Sunday, August 30, 2009

Discovery's Crew Completes Tile Inspection

Space shuttle Discovery astronauts spent their second day in space surveying the tiles and blankets which cover the spacecraft looking for any damage following their Midnight ride into space on Saturday.

Pilot Kevin Ford and mission specialists Jose Hernandez and Patrick Forrester spent several hours using the ship's 50-foot robotic arm and it's attached orbiter boom sensor to examine and perform a detailed look of the shuttle's aft section tiles, wing leading edges and nose section.

As of Sunday morning EDT, the crew did not see any damaged tiles or thermal blankets during the survey.

Early this morning, mission specialist and first time space flier Jose Hernandez told this reporter, "Flight Day 2 - my first full day in orbit! We used the robotic arm to do our routine inspection of the Shuttle”s thermal protection system. Also did rendezvous tool checkout!"

Meanwhile, on the mid deck, astronauts spent Saturday evening and into this morning EDT, preparing experiments and other items which will be transferred following Sunday night's docking. They also inspected the spacesuits which will be used on Tuesday's spacewalk in which Danny Olivas and Nicole Stott will go outside the station for 6 1/2-hours.

The crew will go to bed this morning at 5:30 am and awaken at 1:30 pm this afternoon to begin their third day -- docking day.

Discovery is currently in a lower orbit than the space station's so that that the shuttle can catch up at a quicker rate. Per orbital mechanics, an object in a lower orbit will circumnavigate the planet at a faster rate than an object in a higher orbit.

Beginning at 3:24 pm, Discovery's crew will begin rendezvous operations. Mission commander Rick Sturckow and pilot Ford will perform a series of jet firings to move Discovery's orbit higher as they close in on station.

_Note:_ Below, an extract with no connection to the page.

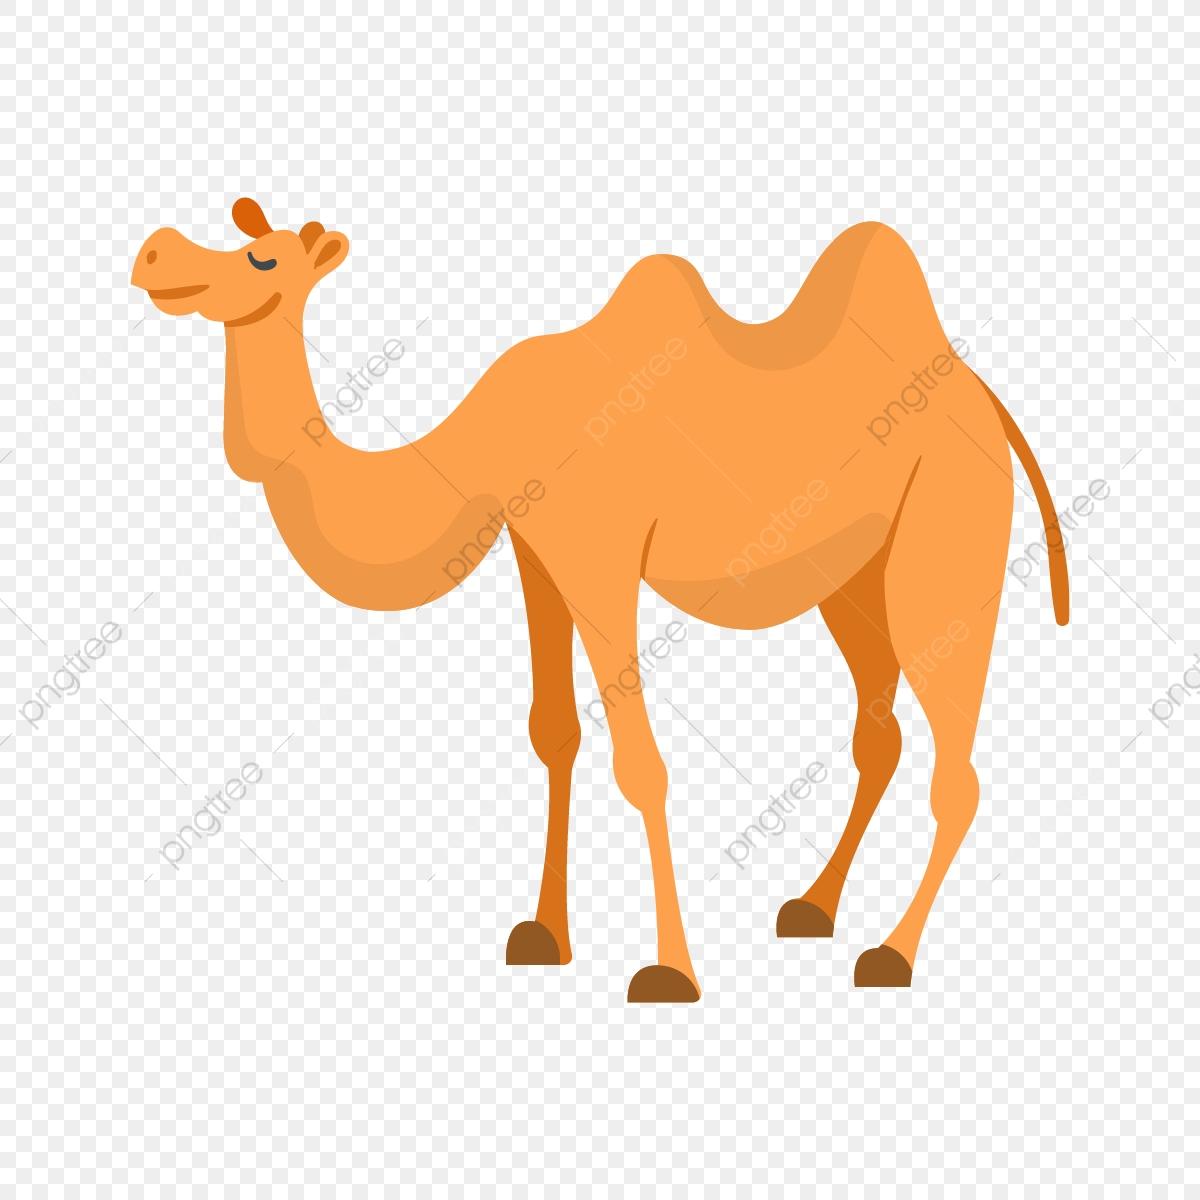 Cartoon isolated journey illustration. Camel clipart transparent background

An hour prior to docking, Discovery will begin a station-keeping attitude about 600 feet away, and perform a ten minute back flip so that the crew aboard the station can take several detailed images of the orbiter's belly using several camera's with 400 and 800 mm lens. The images will be sent to the ground as mission control inspects the belly for any tile damage which may have occurred during the ascent.

Discovery is scheduled to dock with the orbital outpost in space on Sunday night at 9:03 pm, as the orbital duo fly 222 miles over Poland.

Following final latching and leak checks between the two crafts, the two hatches are scheduled to open at 11PM tonight.